SciLayer

Most agent benchmarks assume documented tool semantics and static ground-truth answers. Real scientific inquiry requires agents to learn what interventions do from state transitions, then infer hidden mechanisms, design discriminating experiments, and predict held-out observables. ASDB unifies two complementary tracks: Action Semantics Discovery (inferring an action map φ̂(a) from unlabeled controls) and Scientific Discovery Evaluation (recovering hidden theory classes under an intervention budget). Both share one interaction loop but score different constructs. Linked A→B episodes, decoy falsification, tiered difficulty, and decomposable metrics aim at construct validity for adaptive scientific reasoning evaluation.

Abstract

Most agent benchmarks assume that tool and action meanings are documented before interaction begins, and that success is measured against tasks with known ground-truth answers. Real scientific inquiry requires something different: agents must learn what interventions do from state transitions, then use that knowledge to infer hidden mechanisms, design discriminating experiments, and predict outcomes in regimes they have never observed. We propose ASDB (Adaptive Scientific Discovery Benchmark), a unified evaluation framework with two complementary tracks. Track A (Action Semantics Discovery) grades whether an agent can infer an action map (\hat{\phi}(a)) from unlabeled controls. Track B (Scientific Discovery Evaluation) grades whether an agent can recover a hidden theory class and predict held-out observables under an intervention budget. Both tracks share the same interaction loop — observe, act, update beliefs — but score different constructs. We argue that separating these constructs while evaluating them in linked A→B episodes yields a benchmark with stronger construct validity than either track alone, and we specify metrics, episode types, difficulty tiers, and anti-gaming protocols drawn from worked examples in grid worlds, statistical mechanics, and chemical kinetics.

Keywords

ASDB
scientific discovery benchmark
action semantics discovery
construct validity
interactive agents
intervention design
inverse problems
adaptive scientific reasoning
evaluation methodology
phase diagrams

1. Introduction

The evaluation of AI agents in scientific settings has expanded rapidly.

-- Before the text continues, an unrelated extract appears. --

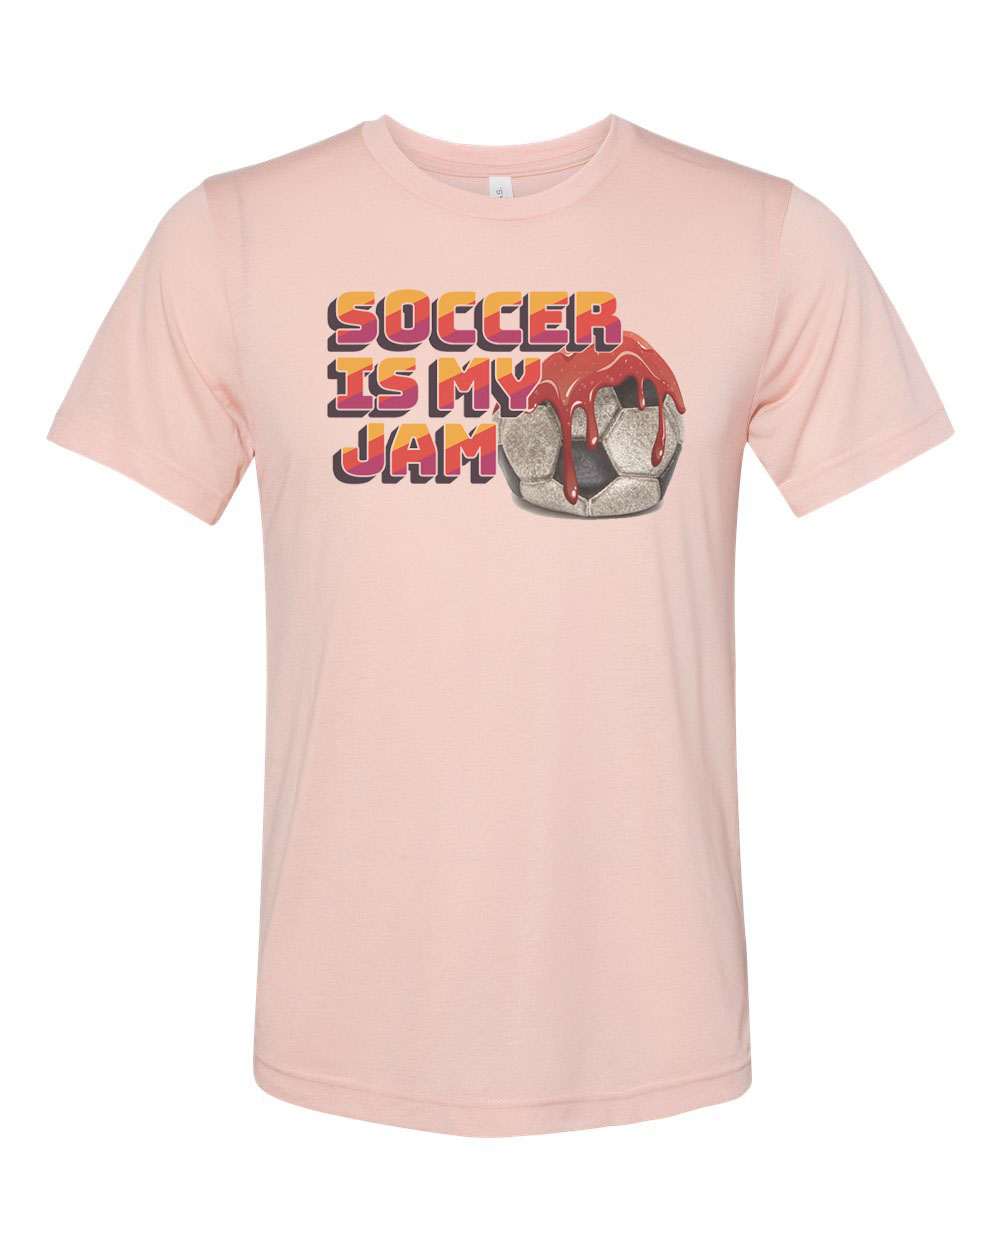 Soccer Shirt, Soccer Is My Jam, Futbol Shirt, Soccer Gift, Futbol T-shirt, Funny Soccer Shirt, Sports Shirt, Athletic, Soccer Lover, Futbol, Peach, MEDIUM - image 1 of 1

Static question-answering benchmarks test whether a model knows established science. Interactive environments test whether a model can complete multi-step tasks when tools are named and documented. Neither adequately measures a capability that sits between them: adaptive discovery under uncertainty — learning what actions mean, then using them to shrink a space of competing hypotheses about hidden structure.

Consider a theorist encountering an unfamiliar apparatus. The controls are unlabeled. A dial changes something about the system; a button returns a number. Before any law can be inferred, the scientist must build a mental model of the instrument: which knob sets temperature, which probe measures susceptibility, whether two readings commute. Only then can experiment design begin — bracketing a critical point, falsifying a mean-field decoy, choosing the one long-time measurement that separates parallel from consecutive reaction pathways.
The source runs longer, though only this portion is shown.